Contributions to Permissionless Decentralized Networks for Digital Currencies Based on Delegated Proof of Stake
Publication . Morais, Rui Pedro Bernardo de; Crocker, Paul Andrew; Sousa, Simão Melo de
With the growing and flourishing of human societies came the desire to exchange what
was deemed as valuable, be it a good or a service. Initially this exchange was made directly
through barter, either synchronously or asynchronously with debt. The first had
the downside of requiring coincidence of wants and the second the need for trust. Both
were very inefficient and did not scale well. So, what we call money was invented, which
is nothing more than a good that is used as medium of exchange between other goods and
services. Since then, money has changed form and has acquired new functions, namely
unit of account and store of value. The most recent form of money is digital currency. This
money cannot be transferred physically like other forms, so it needs a digital network to
be transferred, which can have different characteristics.

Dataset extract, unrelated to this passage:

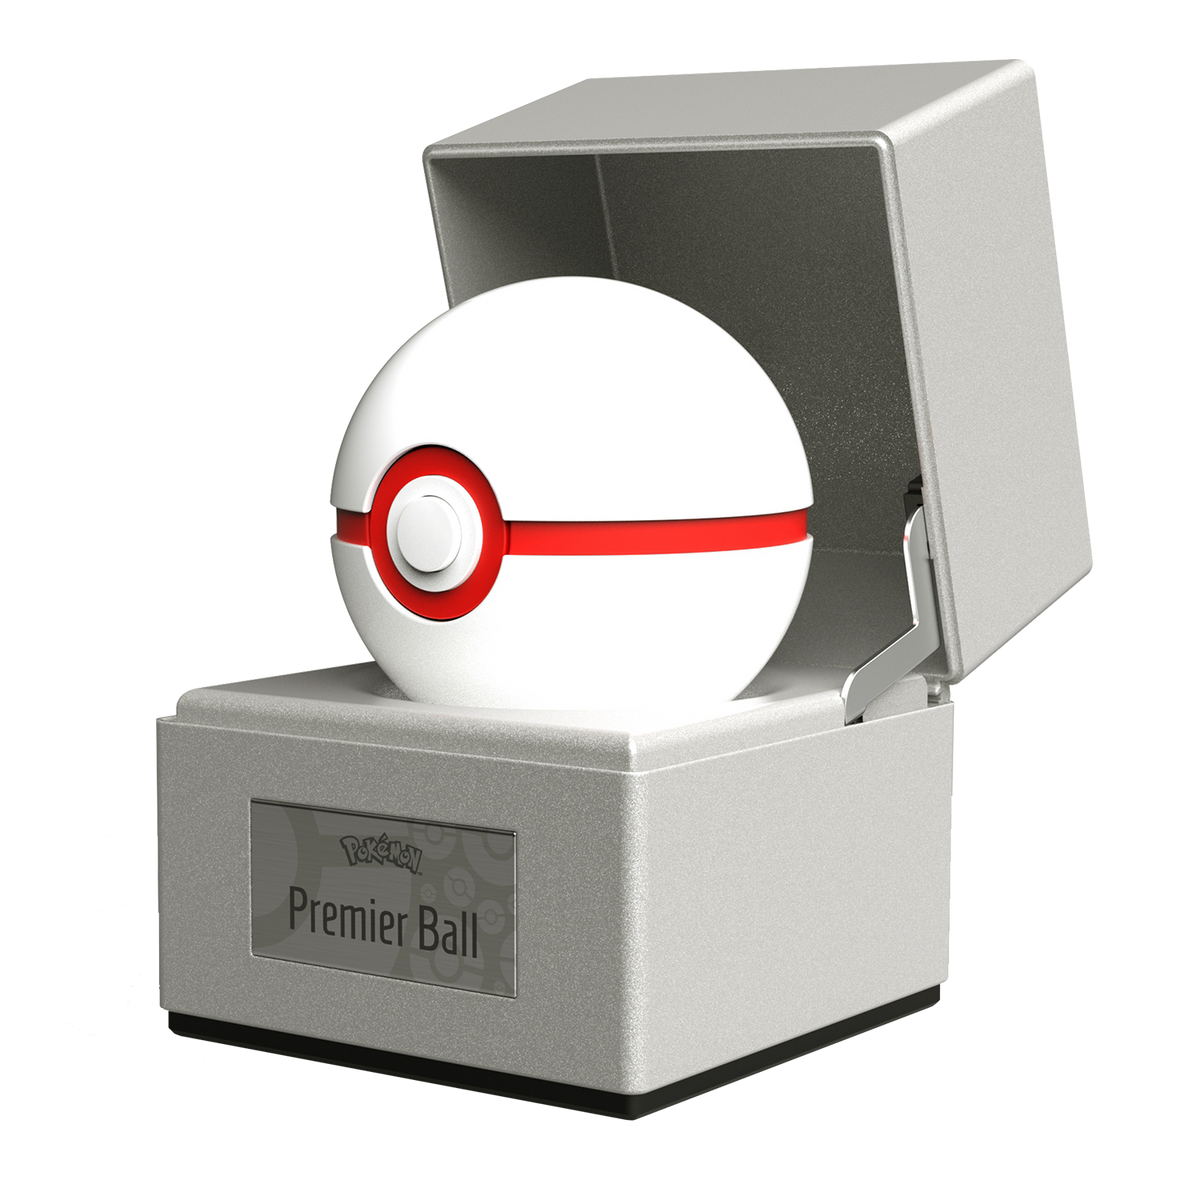 Collect 'Em All: The Wand Company Teams with Pokémon for Replica Poké Balls

This thesis concerns a specific type of networks for digital currencies: permissionless,
meaning that any participant can have read and write access to the network; decentralized,
meaning that no single entity controls the network; and that use Delegated Proof of Stake
(DPoS) as a Sybil defence mechanism, to prevent the network from being controlled by
malicious actors that create numerous false identities.
Its research tries to fulfil the vision that a network for digital currencies, besides being
permissionless and decentralized, should be scalable, monetary policy agnostic, anonymous
and have high performance. Three different layers of the network are studied: the
communication layer, responsible for sending and receiving messages, the transaction
layer, responsible for validating those messages, and the consensus layer, responsible for
reaching agreement on the state of the network.
The first two goals can be achieved in the communication layer. On one hand, a vertical
way to scale the system is proposed composed of a peer management and traffic prioritization
design based on DPoS, offering an alternative to highly disseminated fee-based
models. On the other hand, a horizontal way to scale is presented through database sharding.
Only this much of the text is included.